You can make exceptions for other types of corrections using the First Letter and Other Corrections tabs.

6: Create Quick Steps

One of the coolest new features in Outlook 2010 is Quick Steps. It allows you to create multi-step actions that you can apply to email messages. For example, I forward many messages to a particular person. Instead of having to click Forward, type in his name, and then click Send, I've created a Quick Step that lets me do all that by simply clicking a single button. There is a wizard-type interface for creating a new Quick Step. Simply click Create New in the Quick Steps section of the Home tab and you'll get the Edit Quick Step dialog box shown in Figure D.

Figure D

You can create Quick Steps to perform a multi-step action with one click.

6: Turn on Conversation view

In the beta version of Outlook 2010, the default arrangement for email messages was Conversation view. This view can make it easier to follow a discussion, as it consolidates all the messages in a conversation thread all into one nice package. In the final release, Conversation view was turned off by default. If you'd rather have it turned on, follow these steps:

  1. In the left column heading at the top of your message list, right-click where it says Arrange By: Date.
  2. Check the box that says Show As Conversations.

7: Install Social Connectors

The Outlook Social Connector (OSC) is built into Outlook 2010. It lets you install plug-ins that aggregate social networking information about your contacts in the People Pane at the bottom of an email message in the preview pane. Connector plug-ins bring in your contacts' status updates and other information from social networking sites. The feature also displays other recent email conversations with that person, recent appointments, and the person's profile picture. For more on how to use this feature, see Five tips for adding social media to Outlook 2010.

When Office 2010 was released in June, plug-ins were available only for LinkedIn and MySpace Microsoft has now added plug-ins for Windows Live Messenger and Facebook. It has also made the feature compatible with Outlook 2003 and 2007. This BNET article has the details.

8: Change default settings

No matter which version of Office you install, you should always go through the options and tweak the settings to suit yourself. In many cases, the defaults will work fine but in others, you'll be happier with an alternative setting. For example, if Word's grammar checker drives you batty (considering it's often wrong, especially when it comes to complex sentences), you can turn it off by unchecking Mark Grammar Errors As You Type in the Proofing section of Word Options. You can also click the Settings button and specify which grammatical issues should be checked, as shown in Figure E.

Figure E

Each Office 2010 application offers many configurable options you can tweak.

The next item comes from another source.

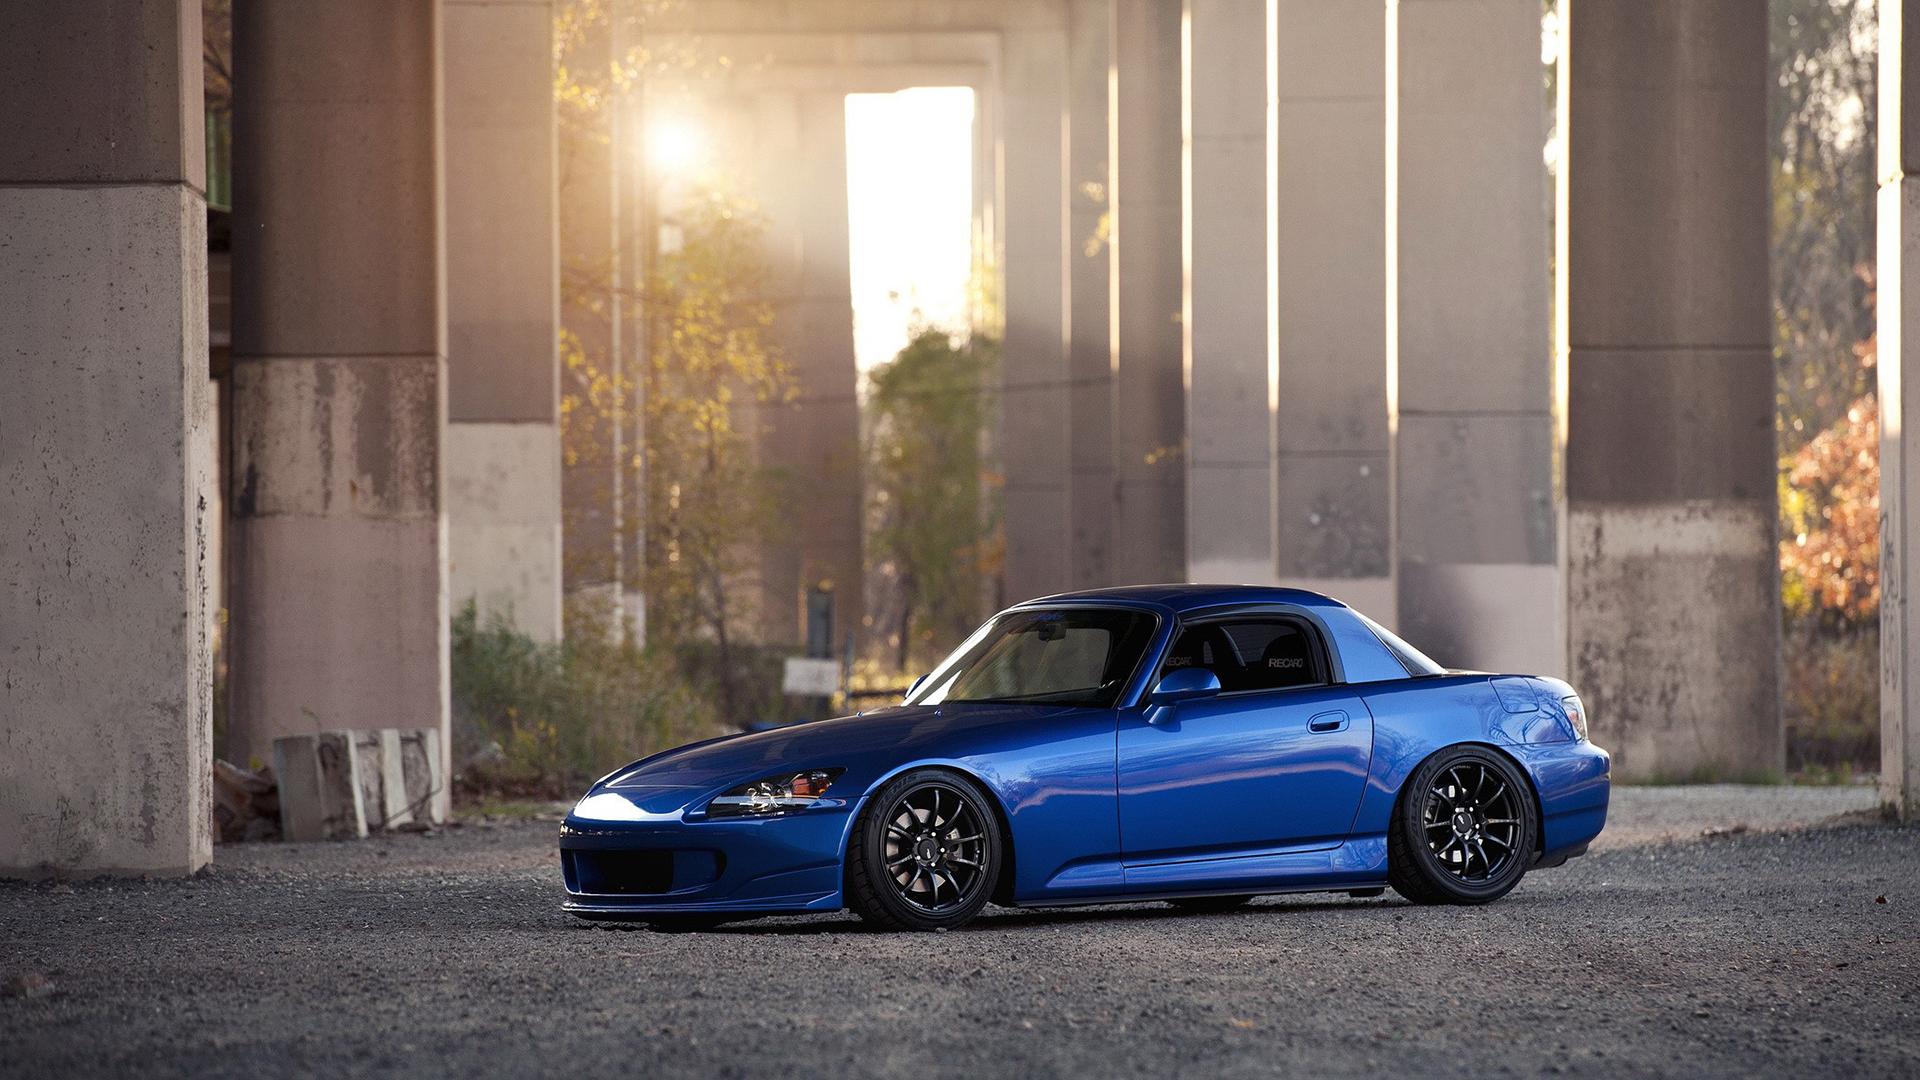 Fast And Furious 7 Cars Wallpapers Hd Honda Civic Wallpaper For Desktop Pixelstalk Net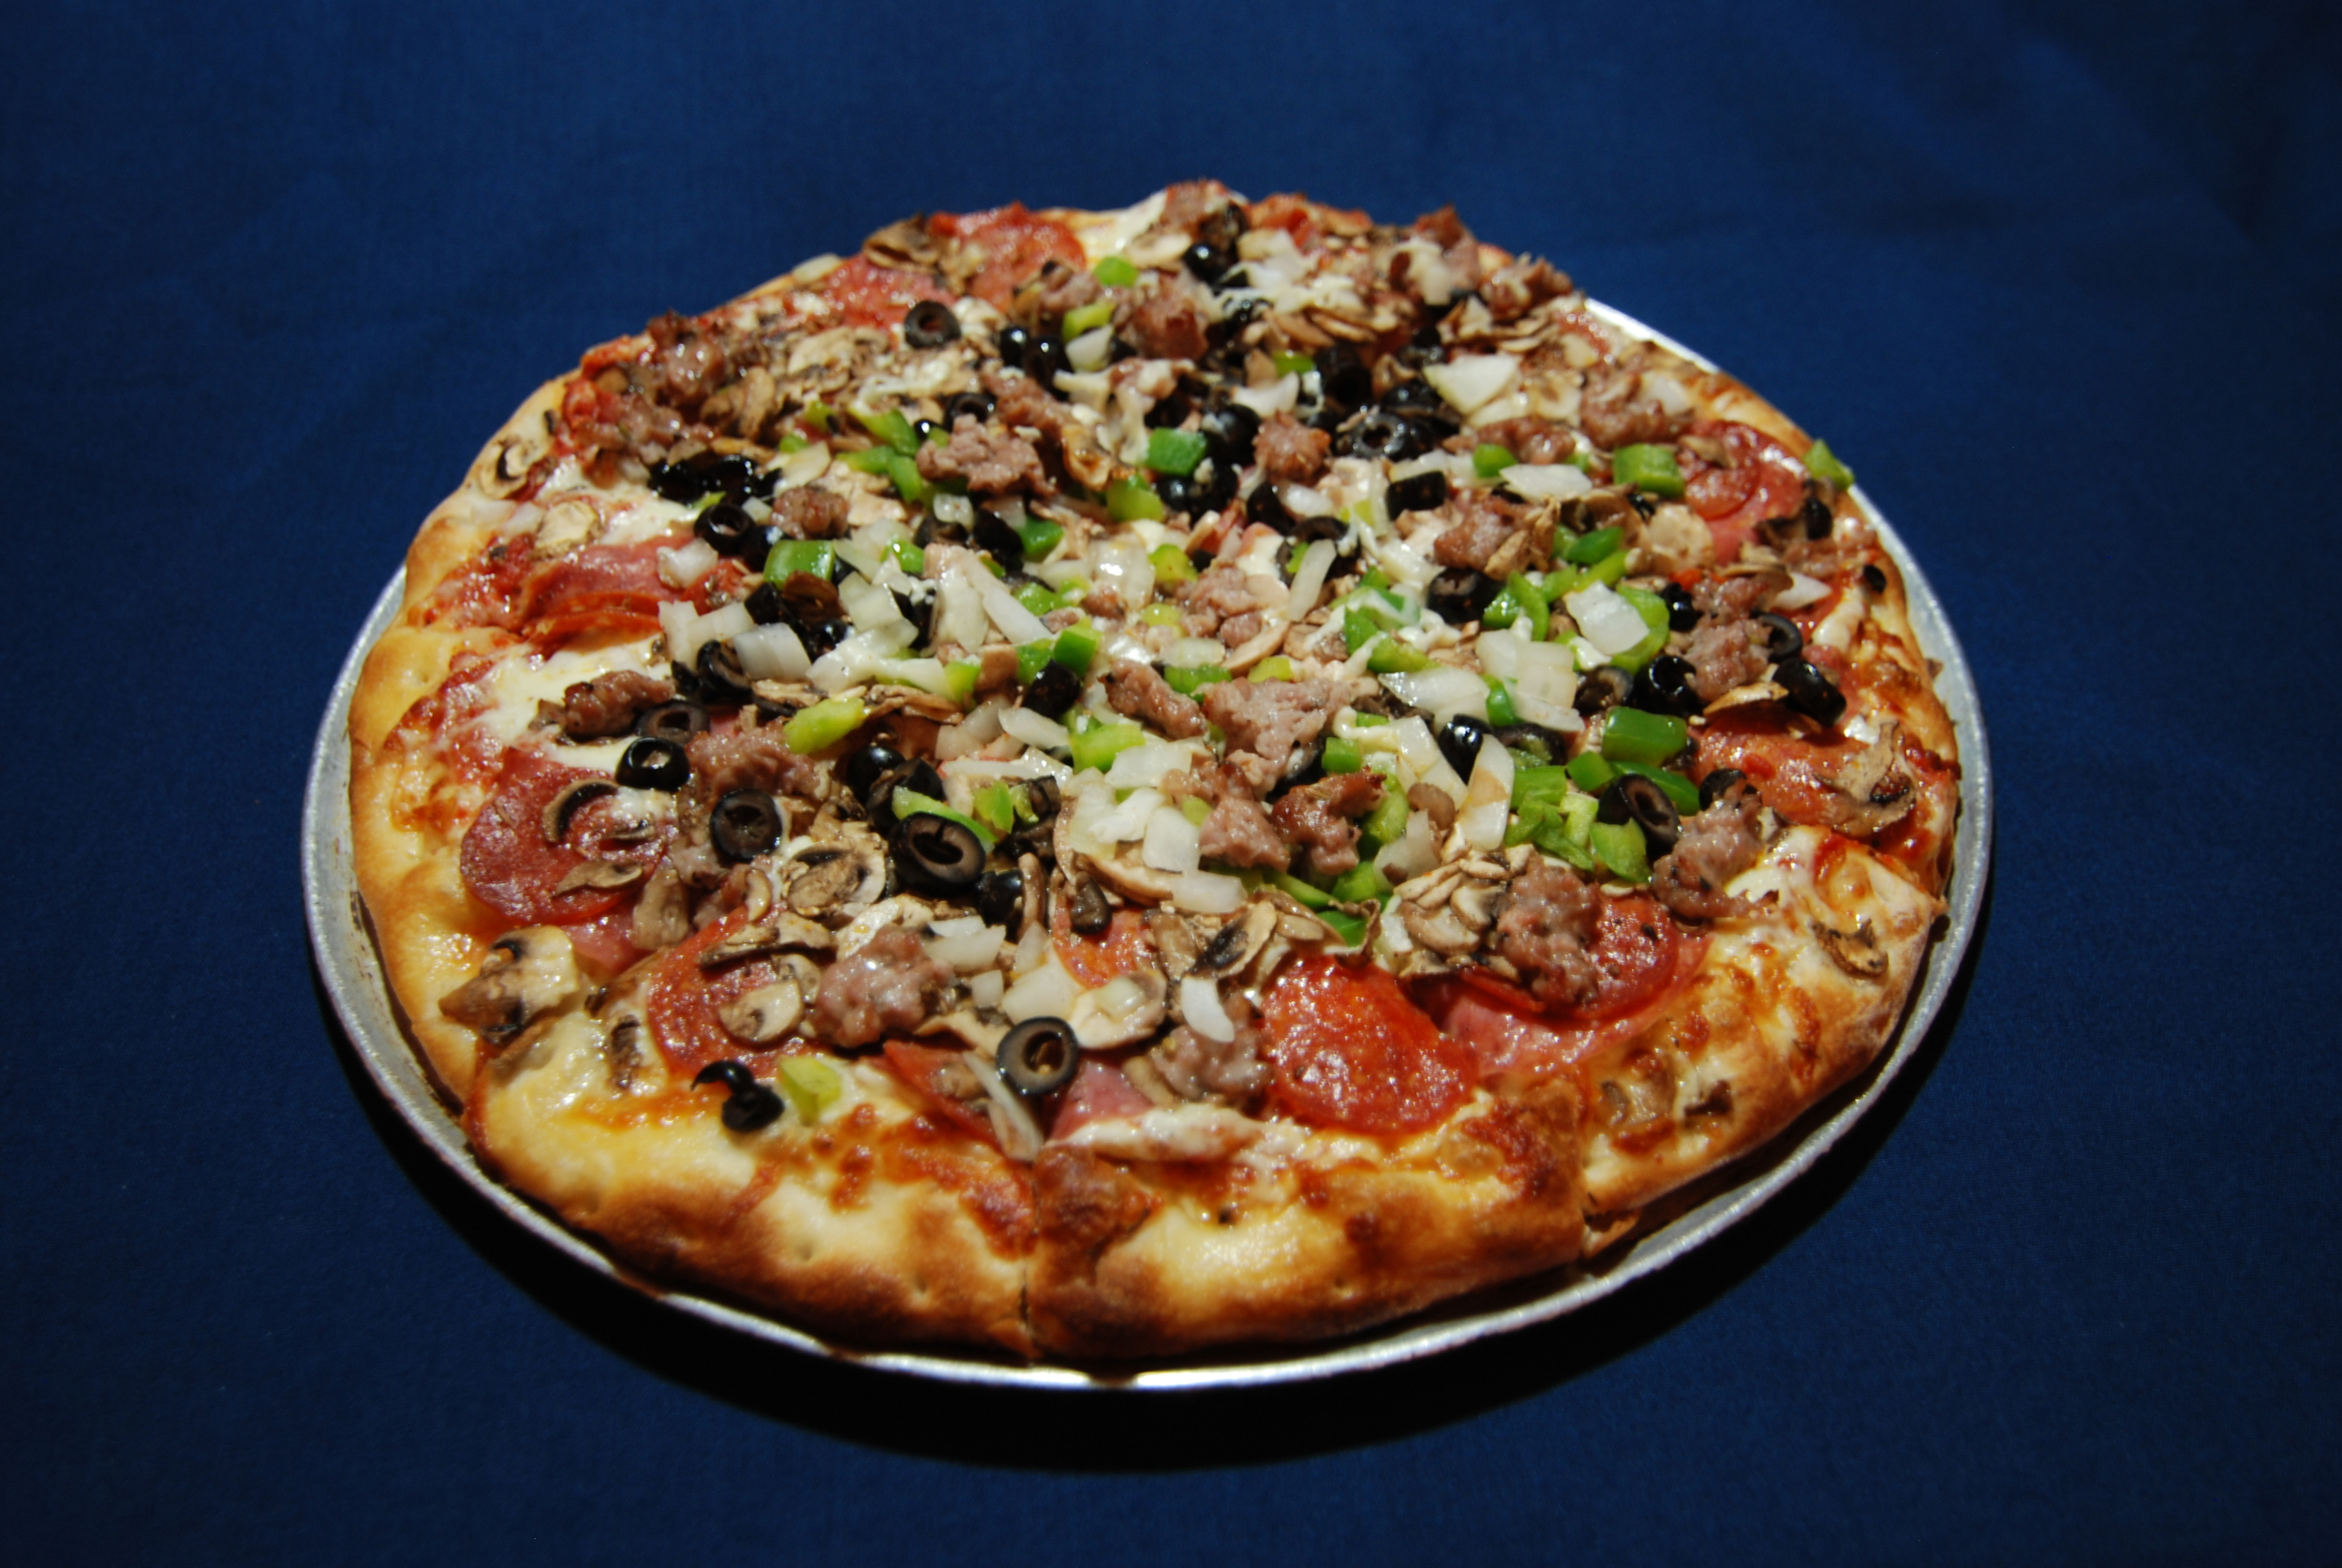 Bummer's Favorite Pizza

On the Save page, you might want to change the default setting so that the applications save documents in the older .doc, .xls, and .ppt formats instead of .docx, .xlsx, and .pptx if you often share documents with people who use Office 2003. You also might consider saving autorecovery information more often than every 10 minutes. If you're a fast typist, you can create a lot of content in 10 minutes. You also may want to change default save locations.

The Advanced page gives you a plethora of options for editing, cutting and pasting, images, how document content is displayed, printing, and more. Want to be prompted before saving changes to the Normal template? There's a check box for that.

10: Install add-ins

You can enhance the functionality of Office 2010 by installing add-ins for the specific functions your work requires. For example, I use Twitter extensively to announce the publication of my articles and point my followers to interesting or useful tech articles written by others. It's much easier for me to tweet from Outlook than to open up the Twitter Web site, so I've installed Twinbox, an add-in that lets you create updates, receive updates from those you follow, and manage and search tweets the same way you search your Outlook mailbox.

The add-in behaves a little differently in Outlook 2010, compared to Outlook 2007. In the latter, Twinbox puts a toolbar in Outlook underneath the other toolbars. In Outlook 2010, the Ribbon contains an Add-ins tab. You'll have to go there to find your Twinbox toolbar, shown in Figure F.

Figure F

Add-ins such as Twinbox can add to the functionality of Office applications.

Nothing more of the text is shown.